Calling himself “kind of a perfectionist,” Myers acknowledges that he could outsource more of the labor but says he enjoys having his hands in every aspect of the process.
To underscore the point, he named the older of his two sons Denim.
Through the years, Myers has added to his inventory; he now sells 38 distinct products, which include designs for both tradespeople and laypeople.
Josh Scheutzow, the 30-year-old owner of the South Side woodworking shop A Carpenter’s Son, said he used to trash a pair of jeans within months.
Discovering Zace (pronounced Zack-ee) on Instagram two years ago, he ordered himself a pair of overalls — and, before long, he was outfitting his employees in Zace products and had bought a pair of shorts overalls for his wife.
“The pair of Zace overalls I wore today for work, I’ve been abusing them for two years and they’re not even close to being done yet,” Scheutzow said.
The denim Myers uses comes from Greensboro, North Carolina’s Cone Denim Co., specifically the White Oak division. The fabric is woven on vintage shuttle looms, and its finished edge (called “selvedge”) is red, white and blue. Thick and soft, White Oak denim is the last selvedge fabric produced in the United States.
“It doesn’t get more American than that,” he said.
Except that the White Oak factory closed on Dec. 31, leaving American-made, raw-denim companies searching for alternatives.
The Sunroom, a boutique in Clintonville, sells raw-denim jeans from Austin, Texas-based designer Esby, which also sources from White Oak.
Both Myer and Stephanie Beard, Esby’s owner and head designer, snatched up the remaining yards from White Oak to make 2018 orders. After it runs out, though, the clothiers said they’ll be forced to buy denim from outside the country.

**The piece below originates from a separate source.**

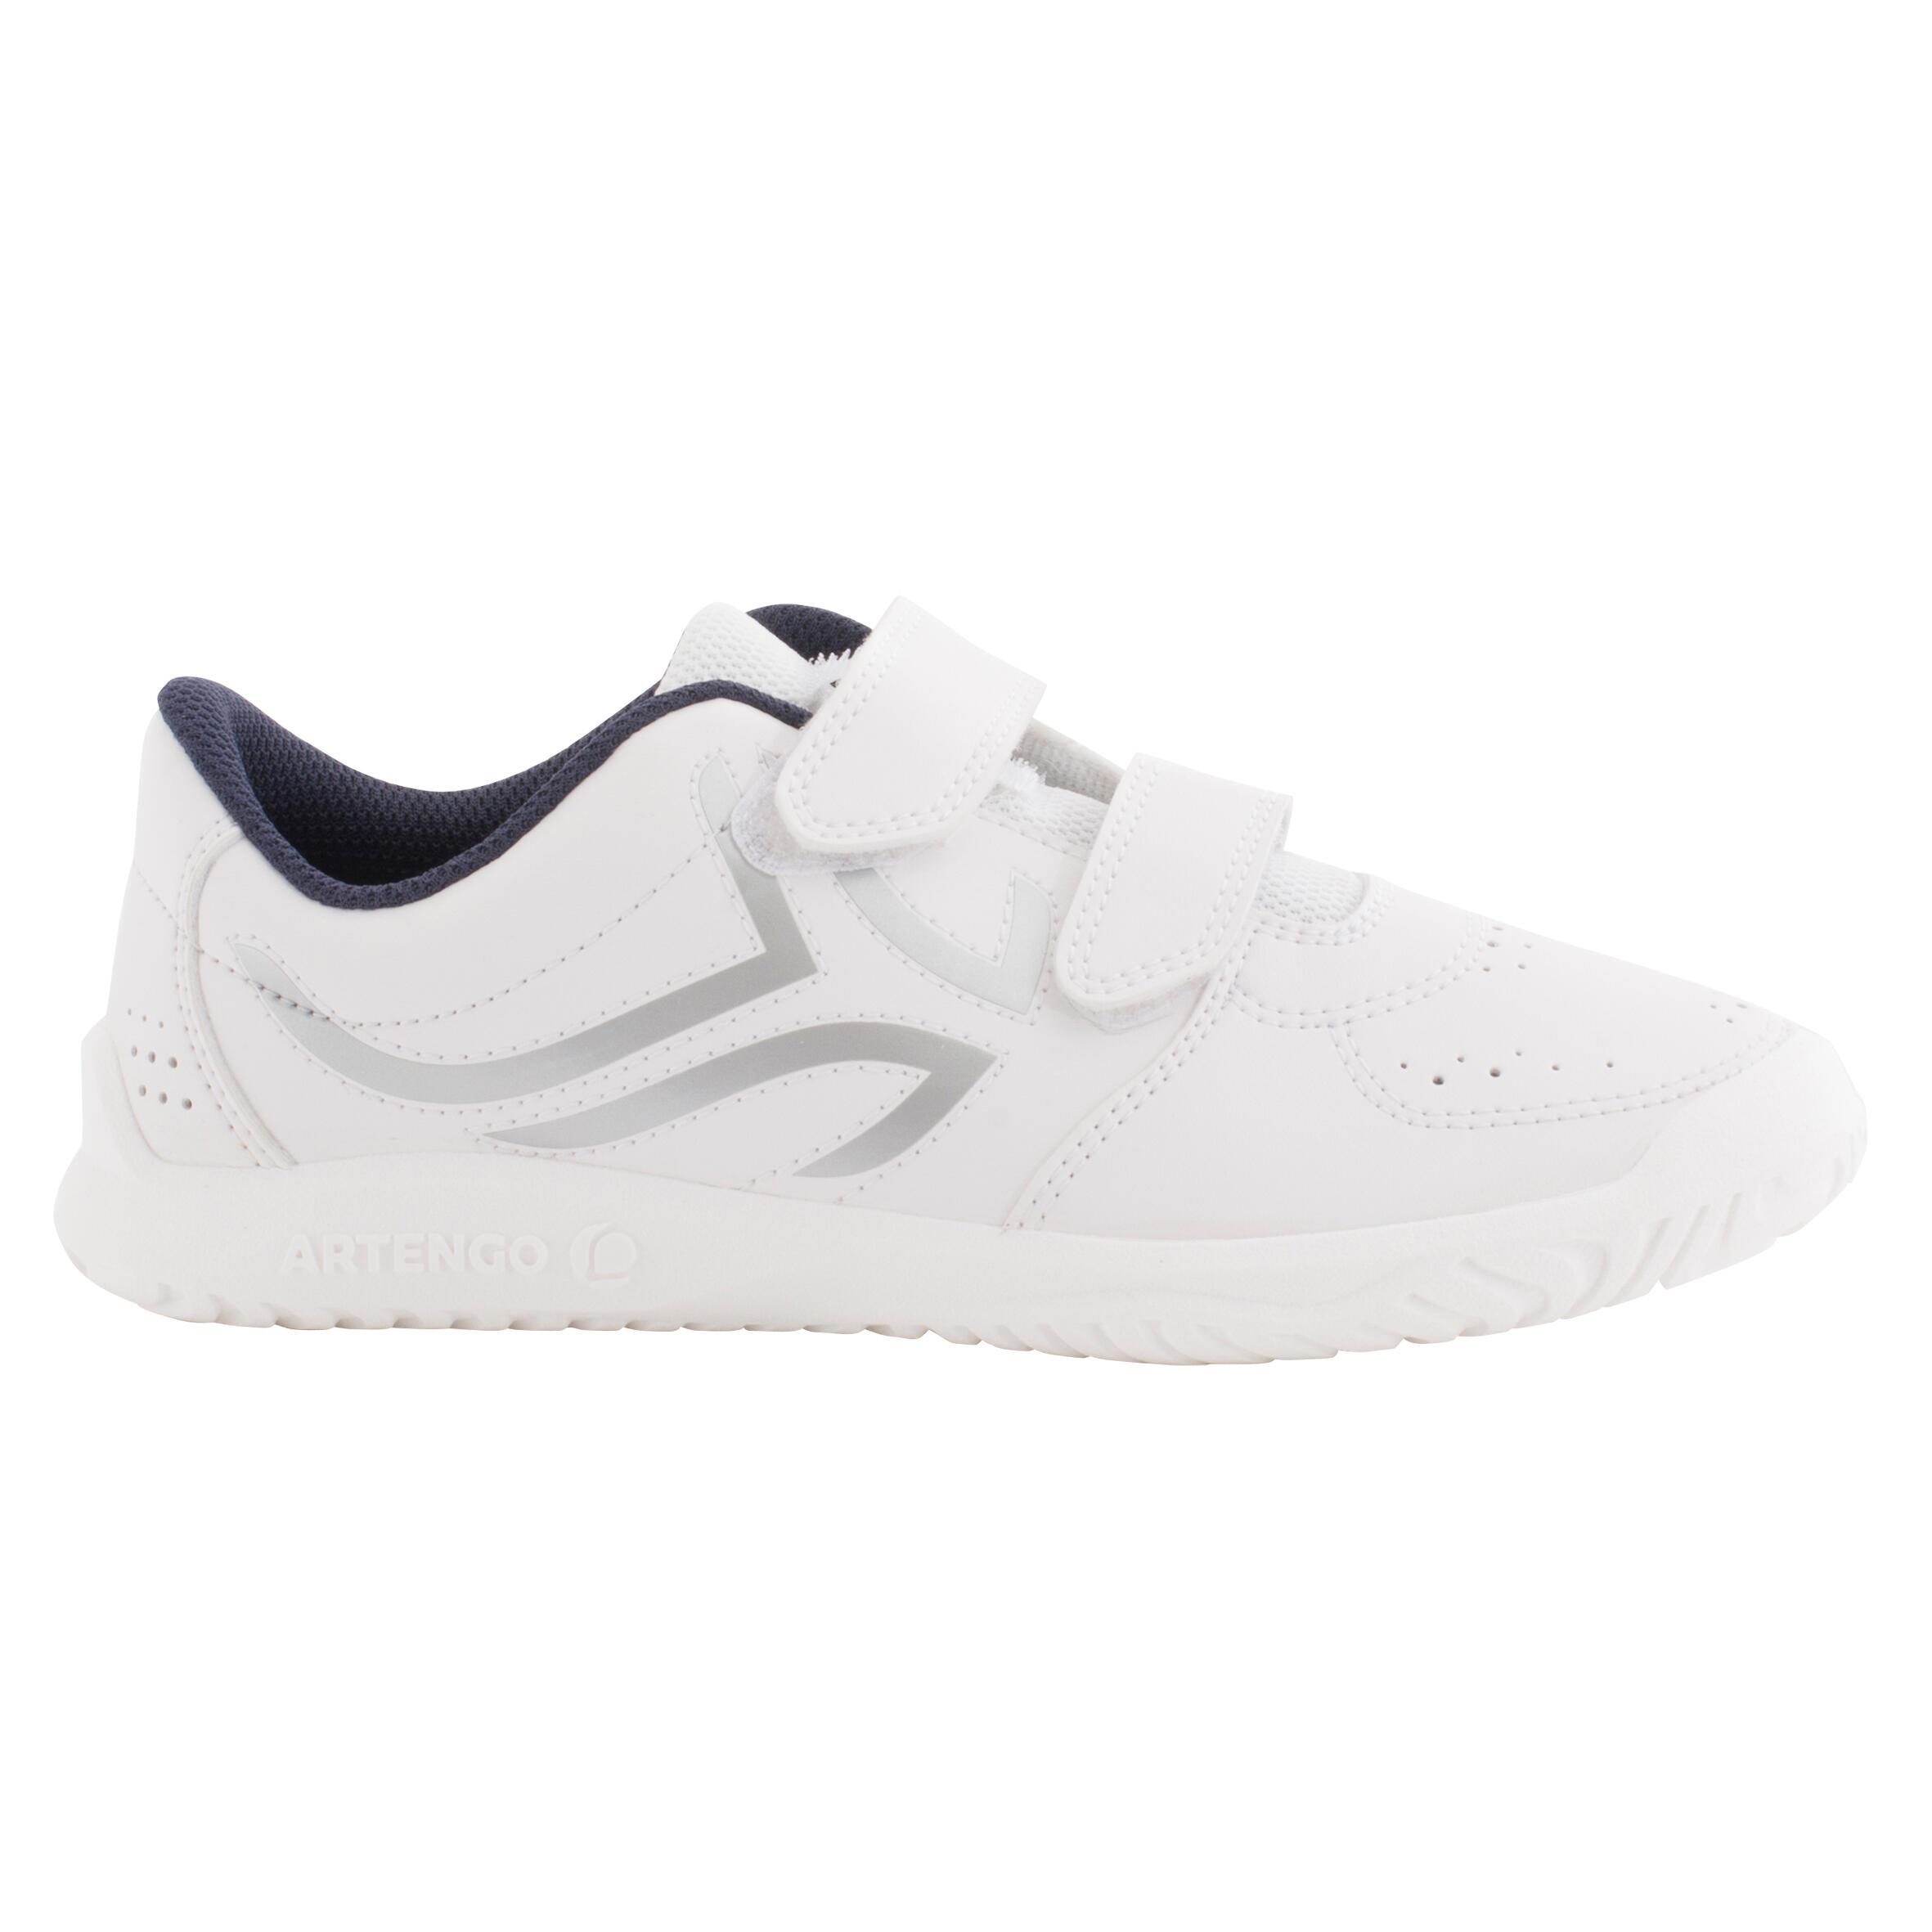 Superioridad historia reserva  zapatillas adidas blancas decathlon - Tienda Online de Zapatos, Ropa y  Complementos de marca

The situation isn’t ideal, both clothiers said, but they’re committed to the raw-denim trade.
“We cross our fingers that those remaining selvedge looms will run again at some point,” Beard said.
Suzanne Riska, 32, who co-owns the Sunroom with Chloe Crites, appreciates the longevity of Beard’s creations, which, like Zace Denim, are meant to withstand years of wear.
But raw-denim jeans don’t run cheap. Myers’ pants and overalls cost $199 a pair, and the Sunroom charges $275 for Esby’s Finch jean in indigo selvedge.
To keep them in top condition, many raw-denim enthusiasts recommend minimal washing.
Riska said she rarely cleans hers, and Myers uses the sniff test.
“It depends on your level of puritanism,” he said. “Those people who never wash their jeans are probably not working in them, not that there’s anything wrong with that. For me, I wash them when they stink.”
Raw denim might still be something of a niche fashion trend, but its adherents believe in maintaining its thread through American history.
Said Myers, “I continue to keep it alive one leg at a time.”